Making the Most of the MKL Eigensolver Share your comment!

It always amuses me how having a procedure named after someone can make it sound exotic or fancy. However, with words that have “Eigen” at the start, it’s surprisingly not named after anyone called Eigen but appears to be a German word that means “characteristic” or “peculiarity.”

An Eigensolver is a program or algorithm that calculates eigenvectors or eigenvalues. That sounds almost as helpful as what dictionaries have for the meaning of “recursive”: the short phrase, “See recursive”. Eigenvectors are part of linear Algebra, which is the mathematics of vectors and linear mappings between such spaces.
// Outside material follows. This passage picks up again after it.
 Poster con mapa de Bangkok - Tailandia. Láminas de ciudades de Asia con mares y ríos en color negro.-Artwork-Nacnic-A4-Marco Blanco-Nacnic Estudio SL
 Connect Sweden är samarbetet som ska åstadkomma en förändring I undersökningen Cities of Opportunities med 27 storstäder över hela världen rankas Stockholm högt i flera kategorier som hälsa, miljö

In a two-dimensional square matrix, if you transform it by applying a linear transformation, the eigenvector of the matrix is a vector that does not change its direction after the transformation.
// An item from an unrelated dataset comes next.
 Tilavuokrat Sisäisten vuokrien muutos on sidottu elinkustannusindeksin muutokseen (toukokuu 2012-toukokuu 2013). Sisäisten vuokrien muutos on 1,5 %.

For example, shear along one axis by dragging the top right-hand corner of an image to the right. Then, as the example on Wikipedia shows, it transforms the X coordinates but leaves the Y coordinates unchanged.

In practice, things are more complicated than that, but it provides a basic understanding of what an eigenvector is, so you can see where an Eigensolver might be of use. At first you might think “fine, but what use is an eigenvector?” Surprisingly, more than you realize. For example, you can determine a function f(n) which calculates the value of the Fibonacci number for n.
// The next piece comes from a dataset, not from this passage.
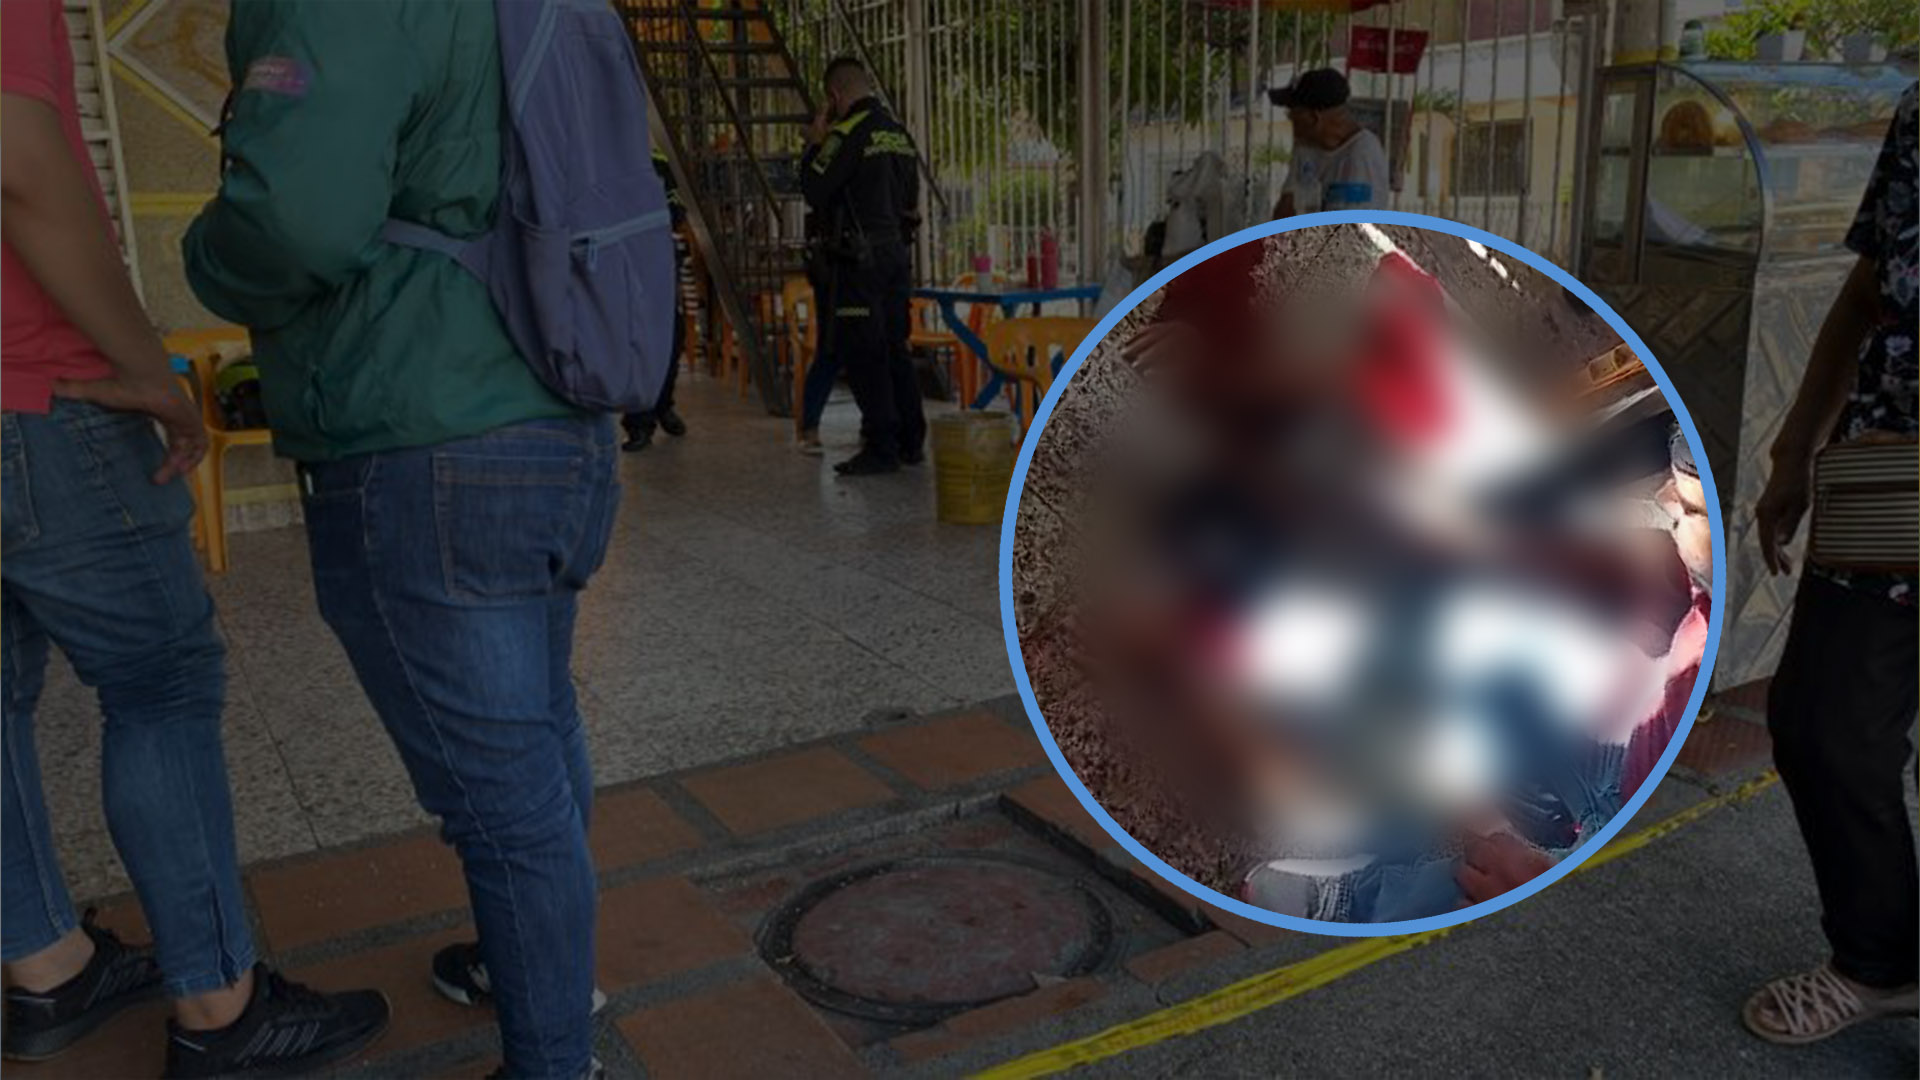 Escena del crimen y una imagen censurada del hombre herido por las balas, censurada para evitar herir sensibilidades

Note: If this is your first experience of eigenvectors, know that eigenvalues and eigenvectors can be complex valued as well as real. I’m not going to go in to any mathematical depth. But, if you are using them, you should know about complex numbers and matrices, particularly inverting matrices and determinants. It’s at an undergraduate level of mathematics knowledge.

Intel MKL Extended Eigensolver
This is an implementation of the free FEAST 2.1 Eigenvalue solver and has interfaces for C, FORTRAN77 and Fortran90.

There are very-extensive MKL examples provided for C, Fortran 90 and 95. Although I’m talking about the FEAST solver, there are more than 1,600 C source files for the entire MKL library. On Windows, these are located under the IntelSWTools folder, in the folder for your version, in the MKL folder. As my setup has multiple version folders, you may need to look for MKL under earlier versions. It’s worth building and running getversion.c (under the versionqueryc folder) to verify that you have the latest version of MKL. On mine, it’s 11.3.1.

There are routines provided for standard and generalized eigenvalue problems. You need to call the correct one depending on whether your matrices are dense, banded (values along a diagonal band) or sparse (stores only non-zero values).

The Intel documentation covers these concepts, but it’s also worth reading the detailed documentation on the NetLib website. NetLib is a collection of mathematical software, papers and databases. For instance for LAPACK, as well as BLAS and LAPACKE.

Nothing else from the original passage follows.